MANILA, Philippines — It would be more challenging for the Philippines to lift people out of poverty as the pandemic keeps economic recovery hanging in the balance, the state think tank said.
In a discussion paper, the Philippine Institute for Development Studies (PIDS) said the pandemic has wiped out the gains in poverty reduction over the past years.
“With the pandemic still going on, it will be more challenging to reduce poverty at this time. The pandemic has taken its toll on the economy and it will take several years before we will be able to go back to the pre-pandemic growth path,” PIDS author Celia Reyes said.
Latest data showed that poverty incidence in the Philippines, or the proportion of Filipinos whose per capita income is not enough to meet basic food and non-food needs, increased to 23.7 percent.

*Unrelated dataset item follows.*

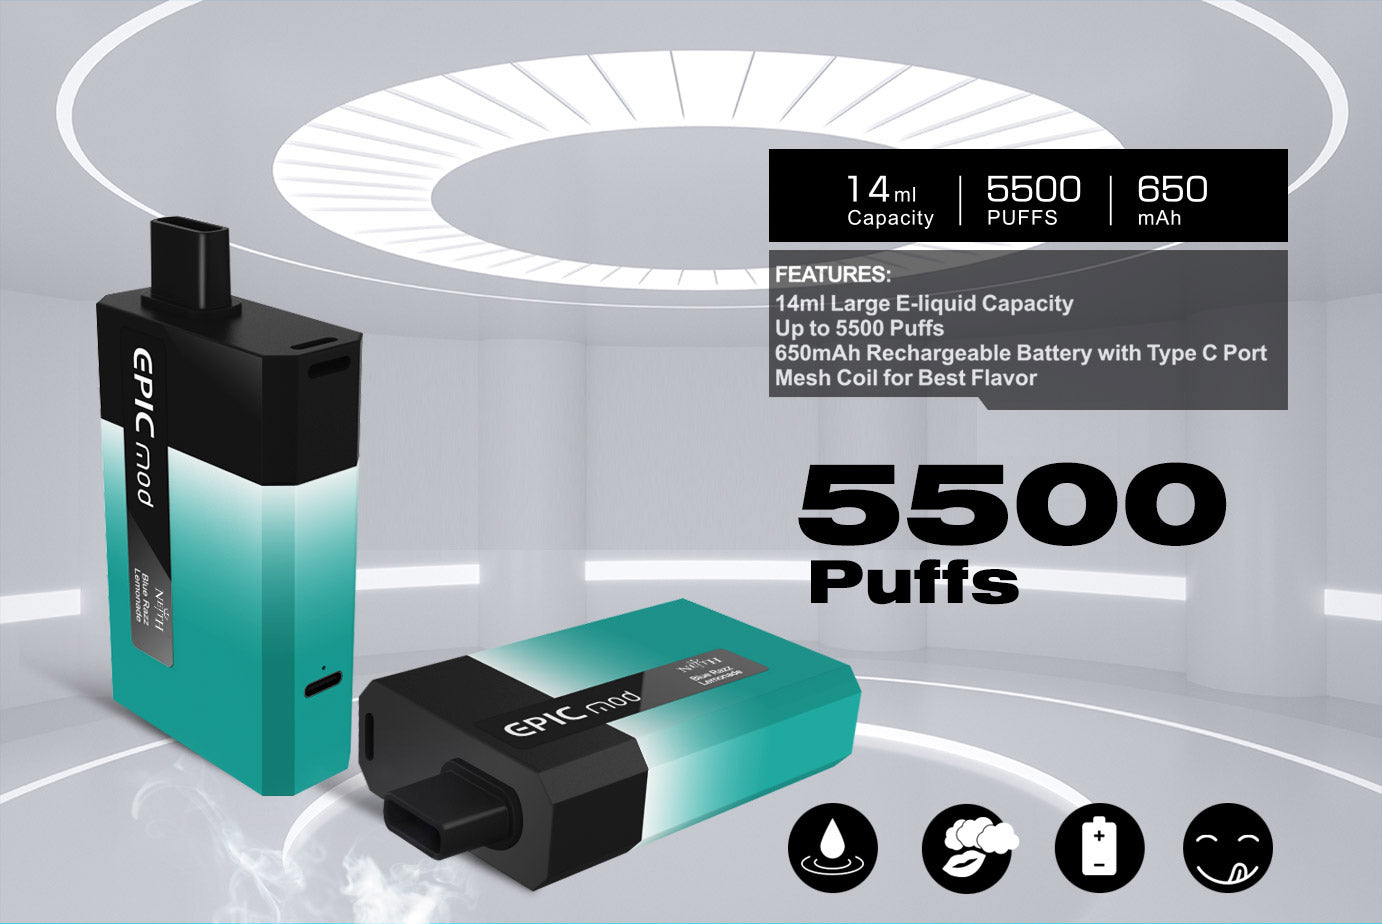 NEITH EPICMOD 5500 Wiederaufladbares Einweg E-Zigarette Kit 650mAh (0mg)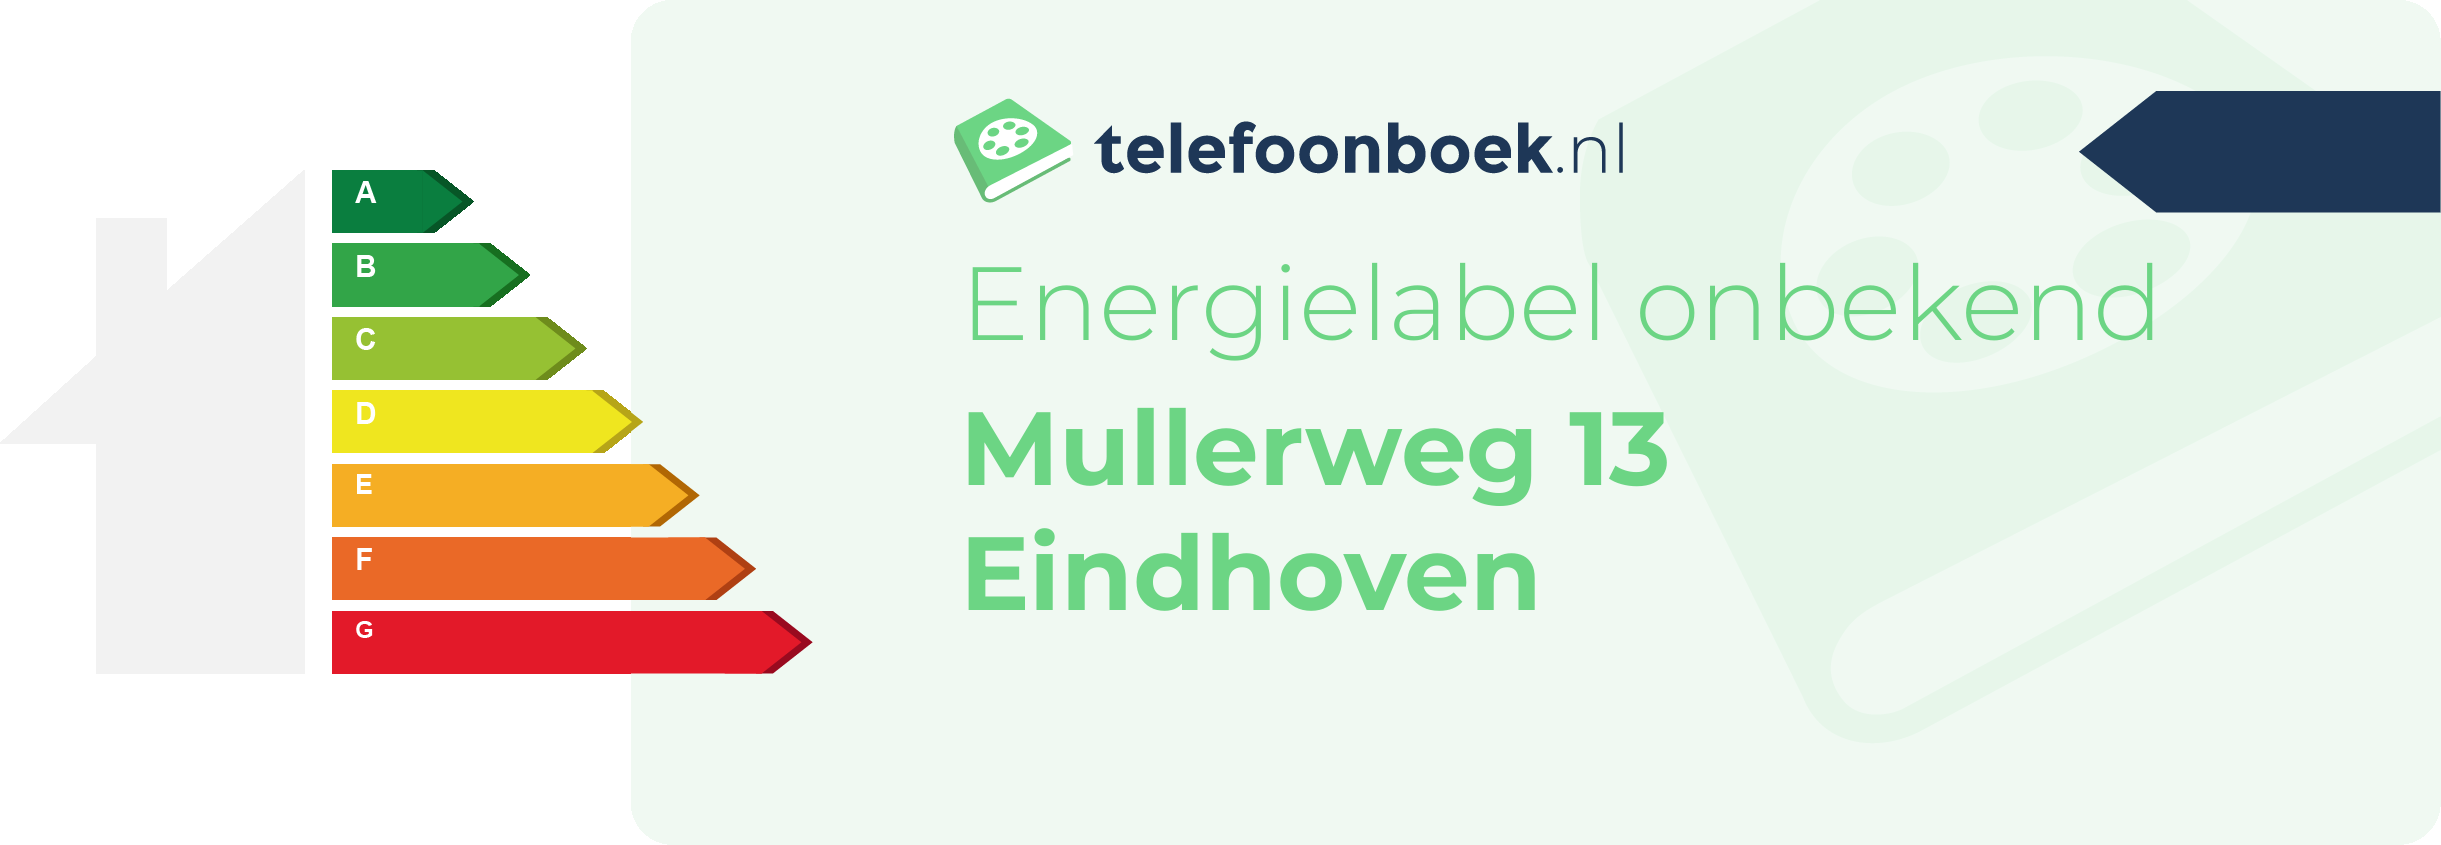 Energielabel Mullerweg 13 Eindhoven

This means that some 26.14 million Filipinos fell into poverty in the first six months of 2021.
Because of the pandemic, the Philippines is expected to miss its original target in the 2017 to 2022 Philippine Development Plan of reducing the overall poverty rate to 14 percent.
By next year, the government is targeting to trim the poverty incidence to 15.7 percent.
Reyes said it will take sustained economic growth to raise incomes, which is crucial in lifting more people out of poverty. She added that policies are necessary to ensure that the poor are given opportunities to participate in economic growth.
This includes opportunities in education and equitable access to health care services to address population management issues.
“Given how prone we are to natural and man-made shocks, agricultural insurance, health insurance and other risk management tools are necessary to help the vulnerable to fall into poverty or the poor into greater poverty, increasing transient poverty,” Reyes said.
This as catastrophic illnesses may lead families to fall into poverty, without adequate health insurance and public health services.
Further, Reyes argued that the response to the pandemic is different, which may affect more people into poverty.
“One of the coping strategies of families impacted by the crisis is to sell productive assets to smooth consumption over a longer period. This could delay the recovery of families and could mean a longer poverty spell,” she said.
The think tank noted that the ability to meet basic food and non-food needs depends not only on income but also on prices.
This means that high inflation can erode the purchasing value of the peso which in turn, increases the poverty threshold.
Meanwhile, PIDS maintained that disparities among regions continue to be large as poverty incidence is almost three times higher in the rural areas than in the urban areas.
Poverty incidence is also highest among households headed by those engaged in agriculture, mining and quarrying, construction, and other services.
Reyes emphasized that well-designed and well-targeted interventions are important to address the varying needs of the poor and that longer-term ones, such as the conditional cash transfer program, are needed to lift people out of poverty.
Safety nets or short-term interventions, on the other hand, are needed to assist those affected by shocks to avoid falling into poverty, or help those who have fallen into poverty to recover more quickly.